I thought Bulgarians would be more pro Russian as they share similar church and Slavic language.


----------



## stona (Sep 24, 2016)

The Basket said:


> D
> I thought Bulgarians would be more pro Russian as they share similar church and Slavic language.



That didn't stop them backing the German horse in WW2 (and WW1) 

Cheers

Steve


----------



## michaelmaltby (Sep 24, 2016)

"...That didn't stop them backing the German horse in WW2 (and WW1)"

They are, after all, supreme _pragmatists_. 

As to the question of "would they fight?" I believe that WAPAC being a military organization comprised of professional military folk .... trained and _trained_ to fight together .... using common military hardware and tactics .. they _would_ fight "the plan". How things would turn out long term in terms of their loyalty and performance efficiency is another story .... and depends on the success or defeat of The Plan. NATO never had "a plan" to invade WAPAC territory while the Soviets had "a plan" and rehearsed massive armored drives ..... which would be directed into open territory in Germany, IIRC.


----------



## stona (Sep 24, 2016)

I don't know, putting money on the German horse three months before 'Barbarossa' might be more bad judgement than pragmatism.

Cheers

Steve


----------



## michaelmaltby (Sep 24, 2016)

don't underestimate the audacity of _Hope_ .... the Barbarossa war machine, despite shortcomings, was very, very impressive. As Njaco's 'Day in the War' thread documents, the Soviets just didn't collapse .... they _fought _.... and the German coalition casualty figures confirm that.

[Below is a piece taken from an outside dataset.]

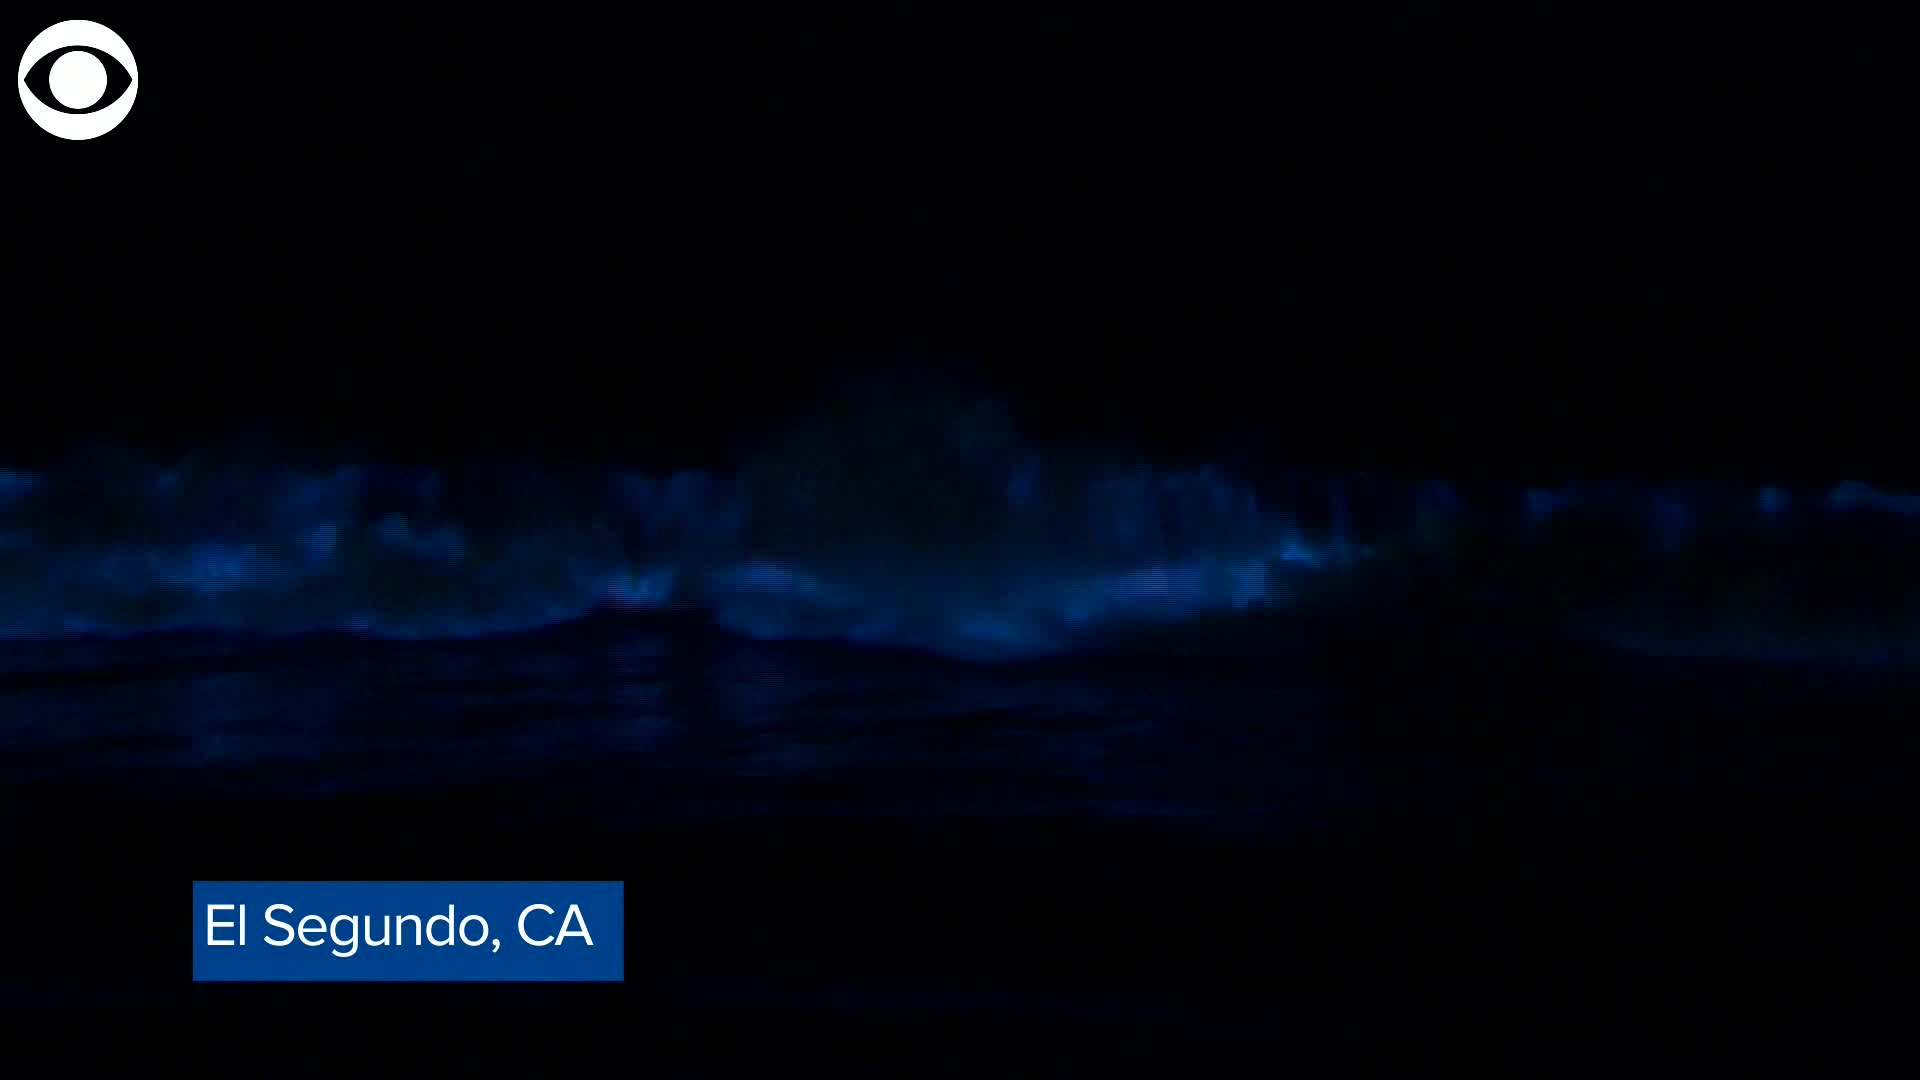 Microscopic Marine Algae Causes Waves To Give Light

Many folks in Central Europe feared Russian Communists more than they feared Germans. Germans, historically speaking, brought progress, prosperity and industriousness wherever they settled in Eastern/Central Europe. So _hoping_ for the success of Barbarossa is not out-of-character, as I understand it, .


----------



## stona (Sep 24, 2016)

And we have the benefit of hindsight. The Bulgarians, even if hoping for a triumph of hope over expectation, did not..

Cheers

Steve

Reactions: Agree Agree:
1 | Like List reactions


----------



## The Basket (Sep 24, 2016)

I thought the majority of the military would be conscript.
The swiftness of the WarPac collapse as soon as the fear had gone is proof that if left to thier own devices they would have folded like superman on laundry day. 
The Soviet invasion of Western Europe would have happened I have absolutely no doubt if it was purely conventional warfare. Only the threat of nuclear annihilation could stop the steam roller.


----------